> [EXERCISE]: The expected result is the full listing, retyped exactly, without a single picture.

> [PROVIDED MATERIAL]:
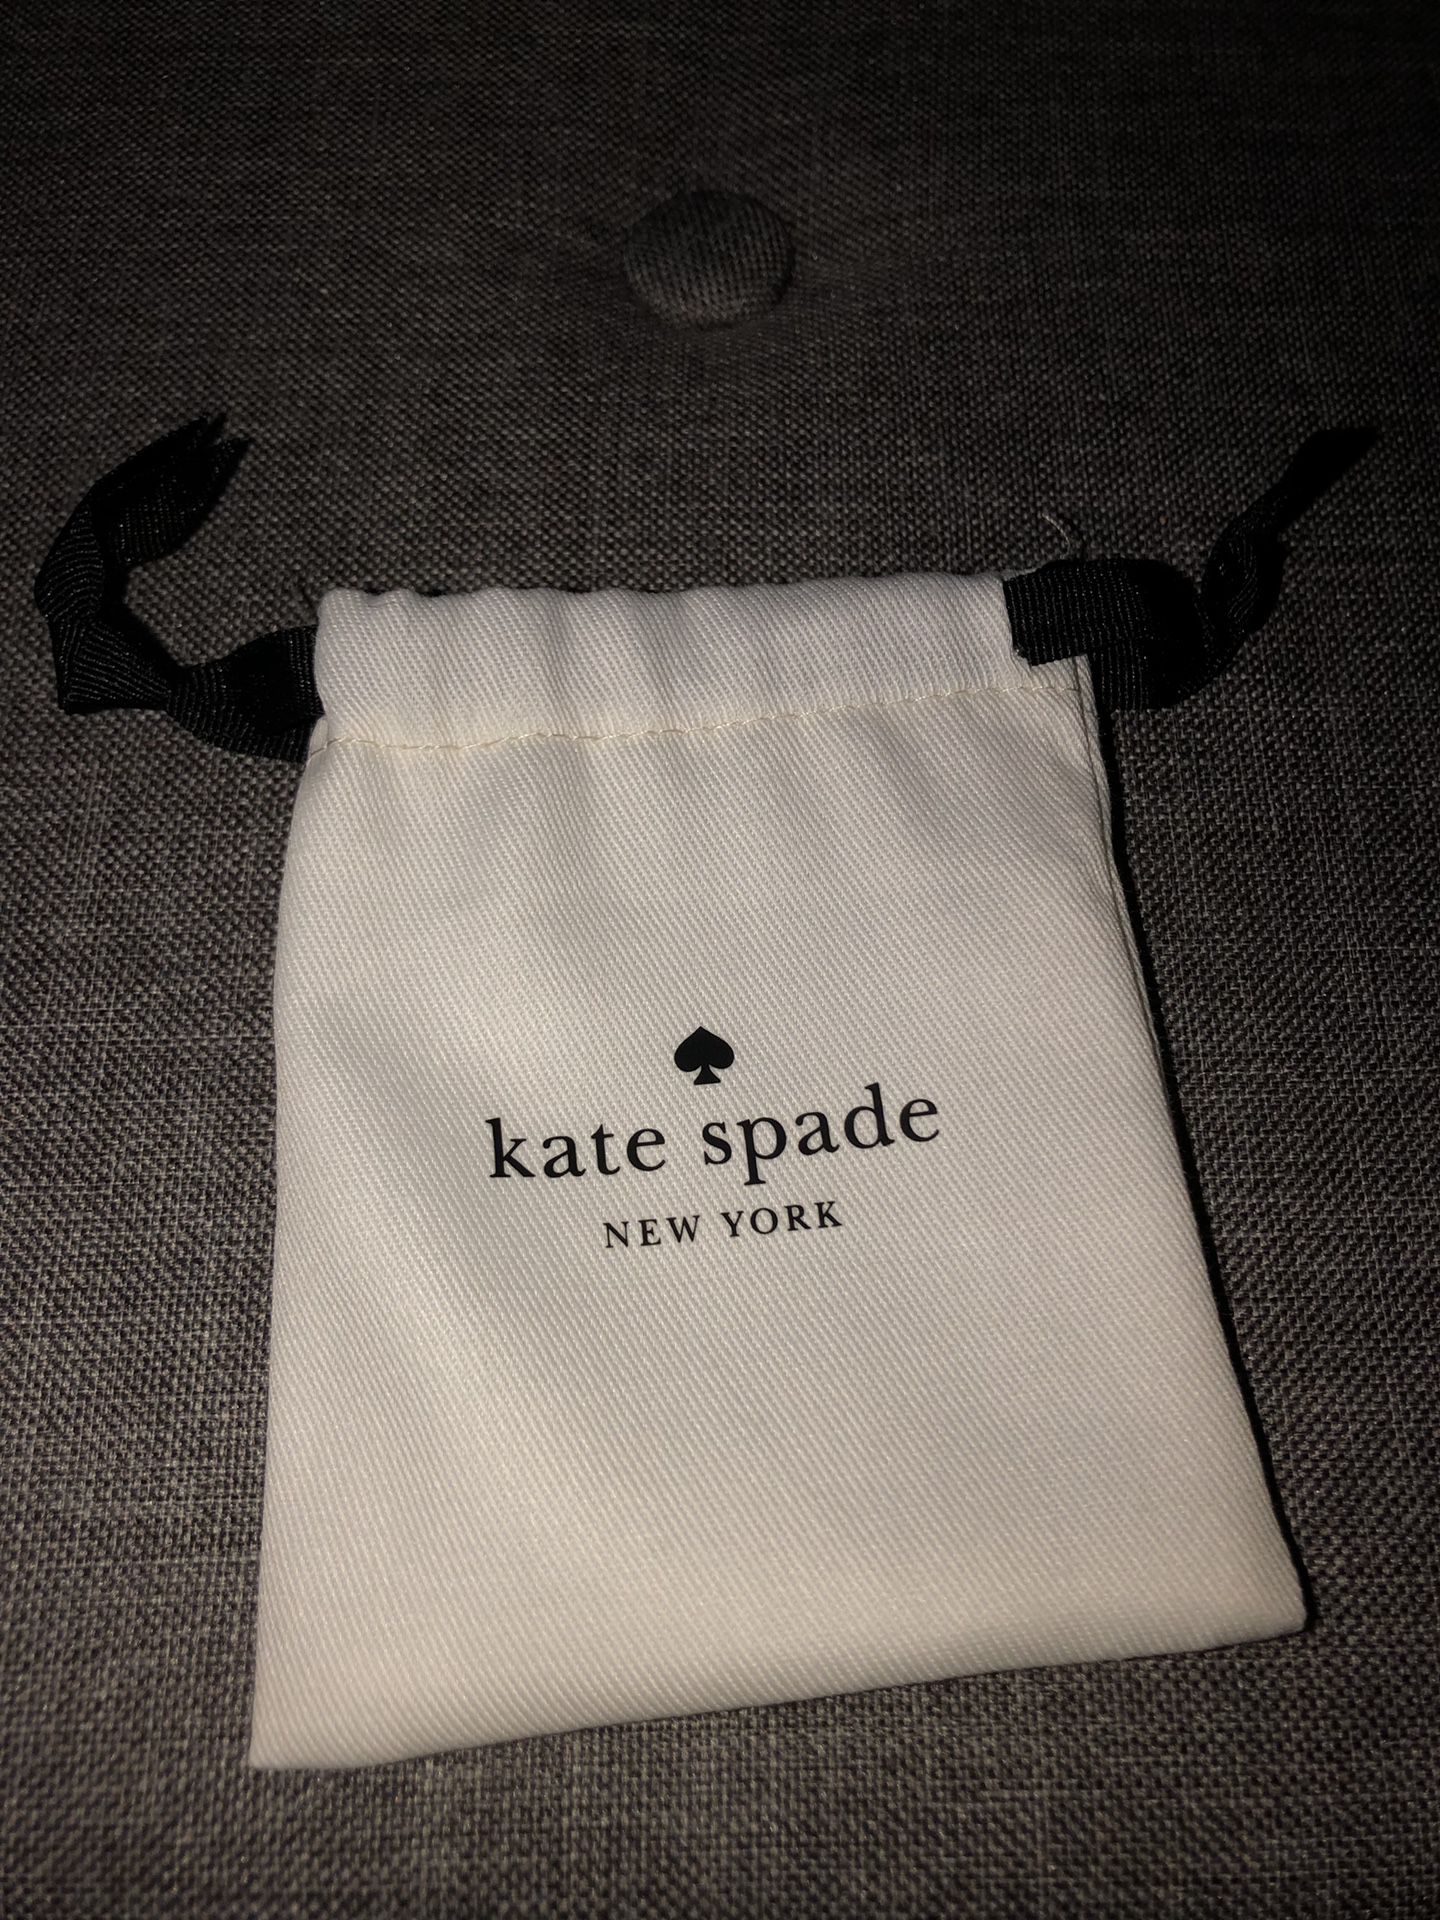 Kate Spade Jewelry Bag
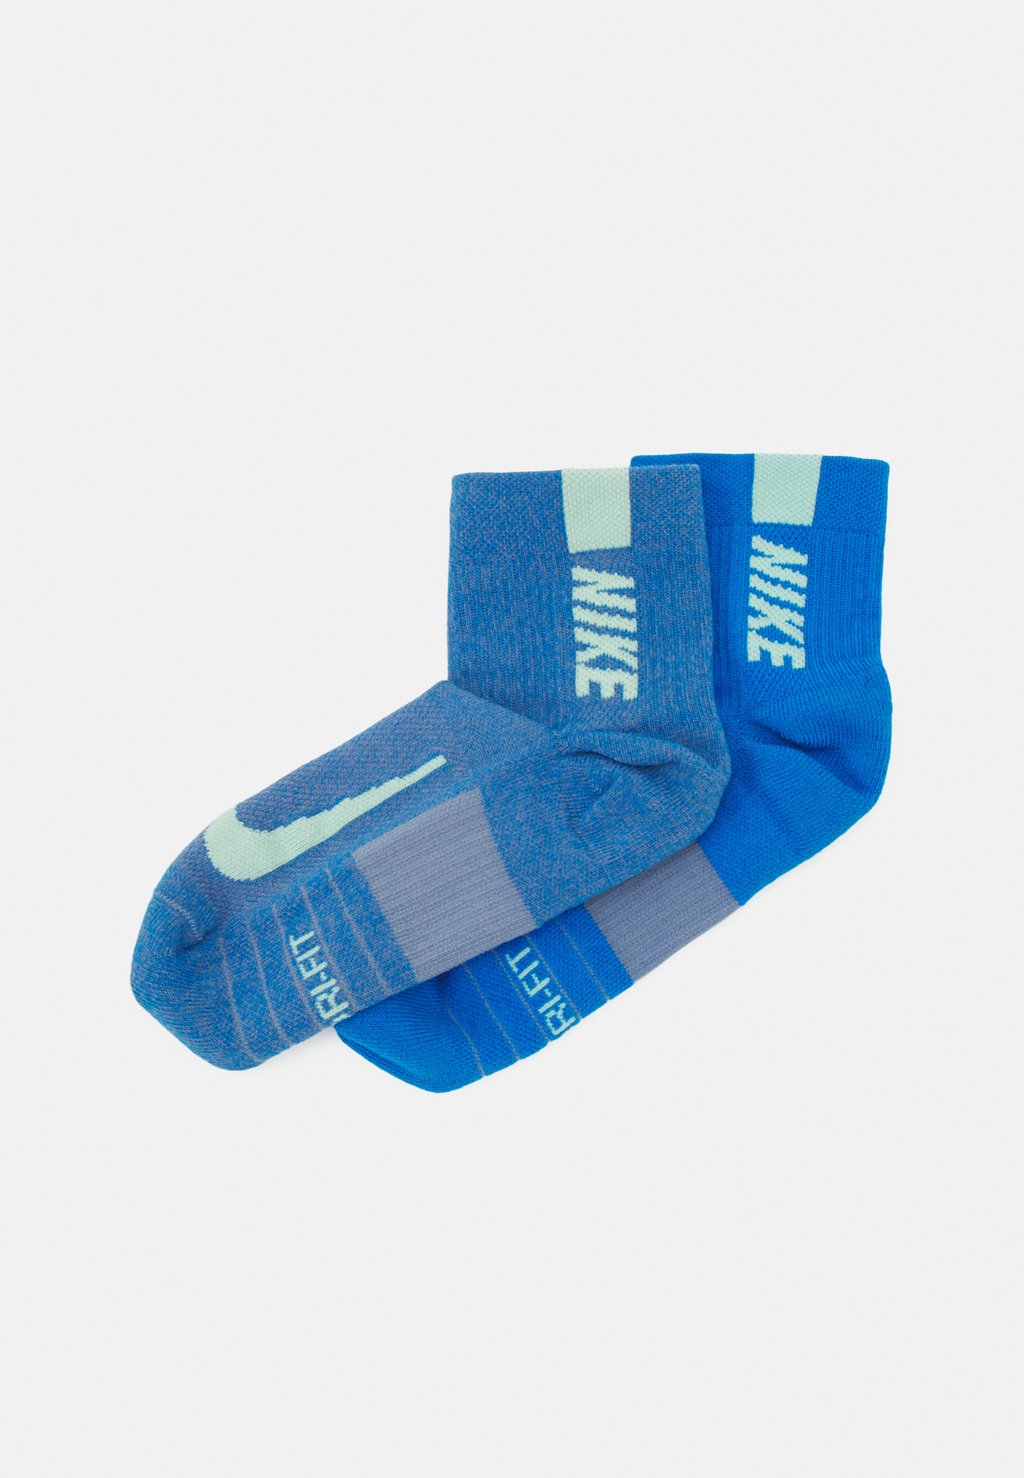 Спортивные носки Ankle Unisex 2 Pack Nike, цвет photo blue ashen slate(vapor green)/photo blue(vapor green)
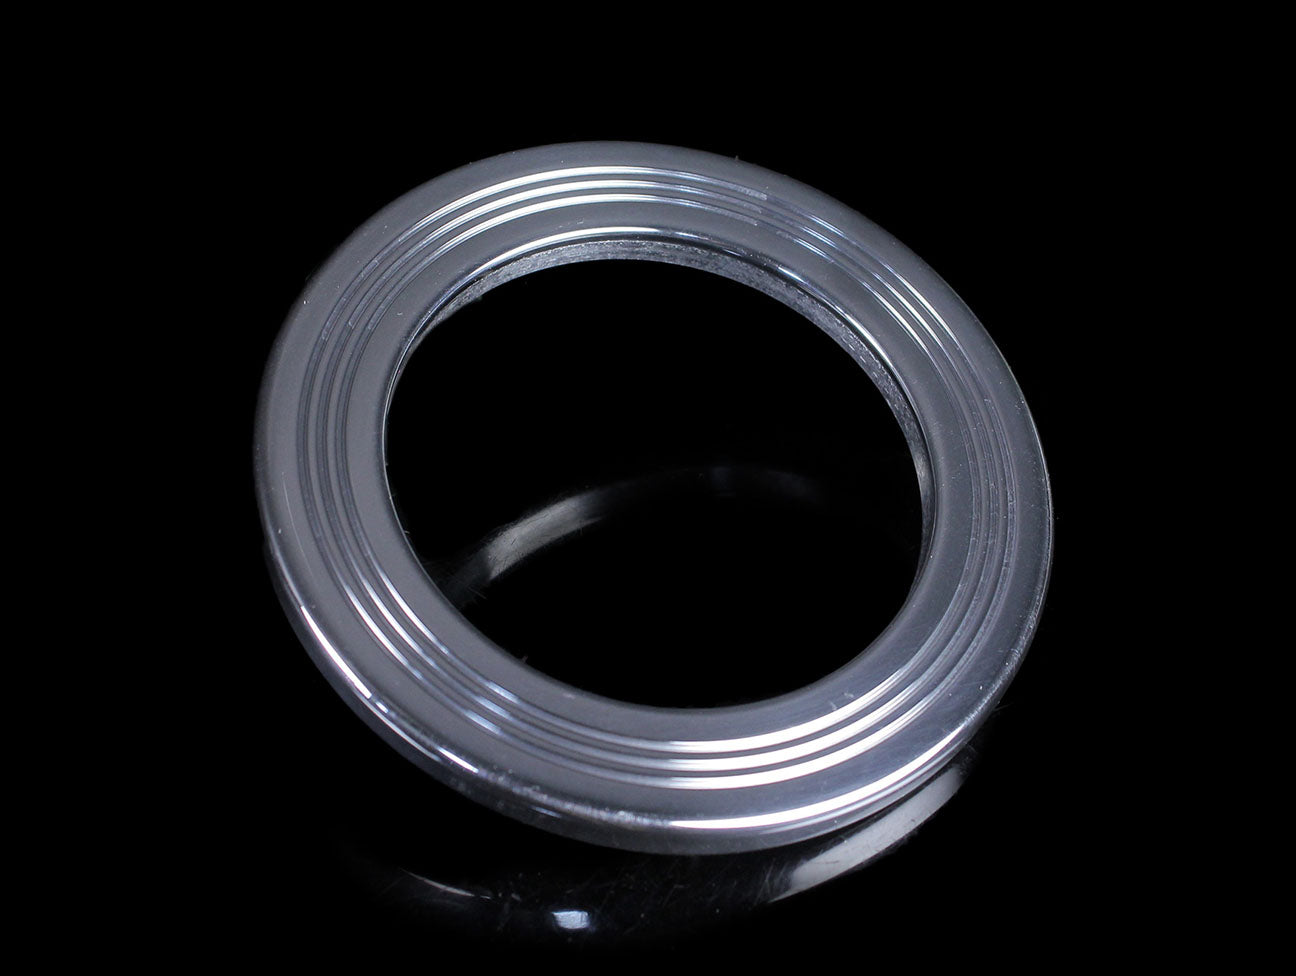 Nardi Polished Horn Button Trim Ring

> [RESULT OF THIS EXERCISE]:
 Kate Spade Jewelry Bag
 Спортивные носки Ankle Unisex 2 Pack Nike, цвет photo blue ashen slate(vapor green)/photo blue(vapor green)
 Nardi Polished Horn Button Trim Ring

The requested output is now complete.